中島健人×永山絢斗、2人の“ケント”の好演光る 『桜のような僕の恋人』が描く特別な時間

 そうした中でひときわ目を引いたのは、晴人役の中島健人とヒロインの兄・貴司役を演じた永山絢斗、2人の“ケント”の好演である。中島の場合、これまで出演してきた映画やドラマにおいてはかなり両極端な役柄が多く、完全に頼りない三枚目キャラか、中島のアイドルとしてのパブリックイメージに即した隙のないキャラクターのどちらかということが多かった。その後者で始まり徐々に年相応の空気をただよわせていった2021年夏の『彼女はキレイだった』(カンテレ・フジテレビ系)に逆方向からアプローチするように、本作では頼りなさげな方から入り、夢を実現していくという青春映画のシンプルな方法論をもって成長していく25歳の青年への変化を非常に巧く体現していたように思える。

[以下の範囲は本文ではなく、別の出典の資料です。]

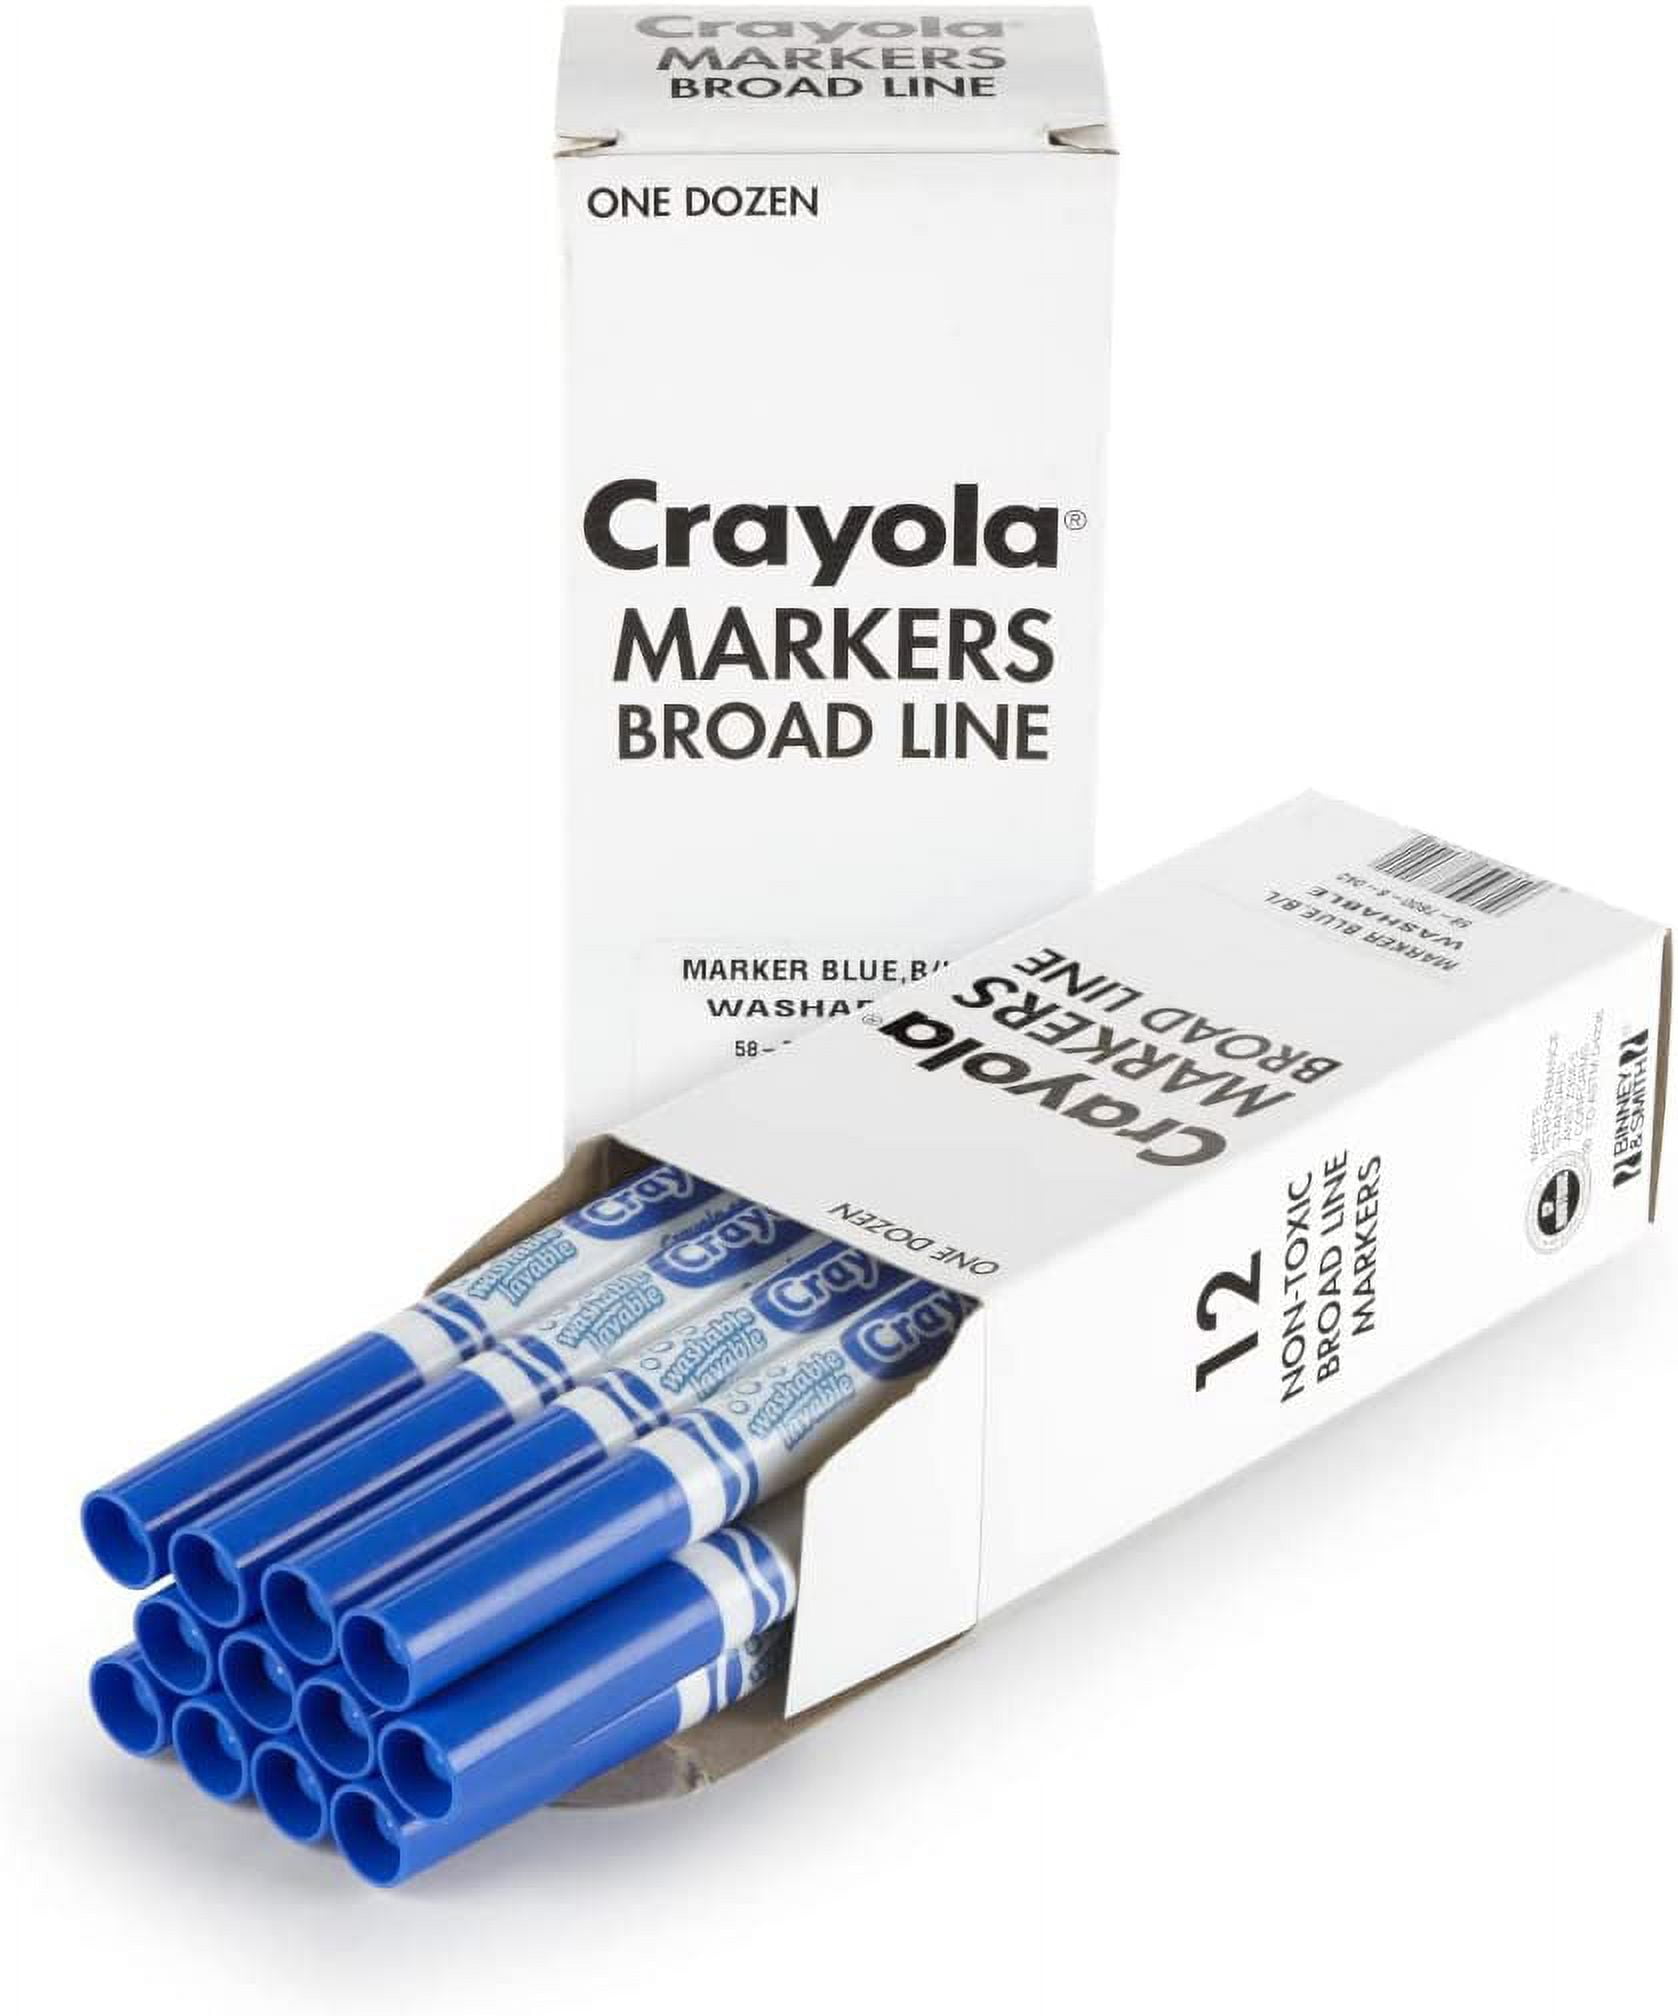 CrayolaBulk Ultra-Clean Washable Markers, Conical Tip, Blue

 また無骨で不器用に、ただ妹思いな兄を演じた永山は、ユーモラスな立ち位置から物語の感動を増幅させる役割を担うあたり、実に理想的な助演キャラクターである。終盤この2人の“ケント”が向き合う二つのシーン、晴人の仕事現場に貴司が訪れ美咲のことを告げるシーンと、襖越しに美咲と対面したのち貴司の仕事現場である小さな居酒屋で振り返った晴人がささやかな笑顔を向けるシーン。ここでもまた、対比構造の妙味が効果的に機能しているではないか。そして何より、妹が難病であることを知った貴司が治療法はないかと模索し、詐欺まがいの民間療法に大金を注ぎ込んでしまうくだりは、患者家族が抱く無力さと迷いを描写した、最も現実的でつらい描写であった。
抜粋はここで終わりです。